Pero no, y vos seguís jugando. Como si tuviéramos quince años y todo el tiempo del mundo. Me gustás, me gustas demasiado y lo sabés -esa no era la confesión-, pero no sé cuánto tiempo pueda seguir jugando sin que mis emociones salgan perjudicadas. Ya te dije: soy transparente, esto es lo que soy, no hay nada diferente adentro ni detrás. Lástima que nunca pueda obtener lo mismo a cambio.

Y entonces la confesión vendría siendo esta:

ya va siendo hora de decirte adiós.

No es una petición, dice.

Es un castigo.

Y lo acepto. 


jueves, 24 de mayo de 2012

Capítulo 31

Si de verdad vinieras, vinieras algún día, no te dejaría salir nunca. Nos encerraríamos cuatro, ocho, diez horas y haríamos el amor cinco, diez, quince veces. Llegaría despacio con besos suaves, pausados, medidos; sintiendo las respiraciones... Te robaría el aliento. Después te buscaría la lengua, después te mordería los labios, a vos te daría por olerme cada rincón, yo, repetiría secretos impronunciables detrás de tus orejas.

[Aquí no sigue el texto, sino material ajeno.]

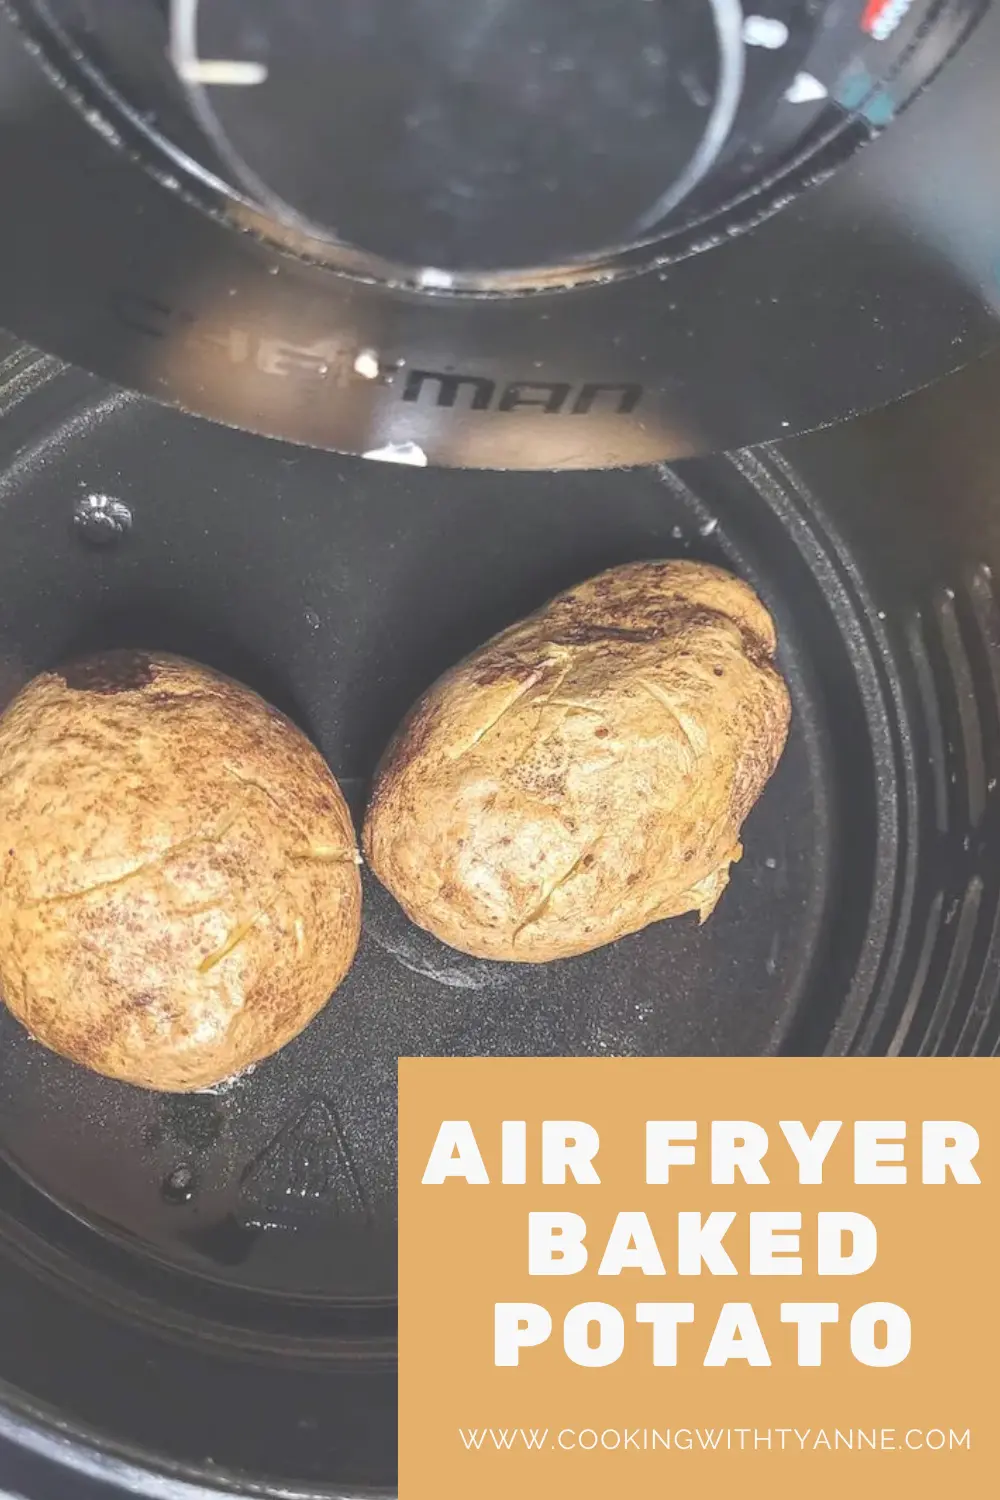 Air fryer baked potato pinterest image.

Escribiríamos una novela de treinta capítulos en nuestros cuerpos, con letras pequeñas, saliva, puntos, comas, tantos signos de admiración como fueran posibles, muchos puntos suspensivos por aquí y por allá y comillas y todos los signos que quisieras... Con sus pausas, emociones, delirios y significados.

Luego escribiría un post como este, porque te amenazaría con hacerlo. Te diría que iba a poner tu nombre y vos me dirías "dale".

Y lo escribiría pensando en las comas y los puntos, las diéresis y todo eso. Lo escribiría pensando ya en el capítulo 31.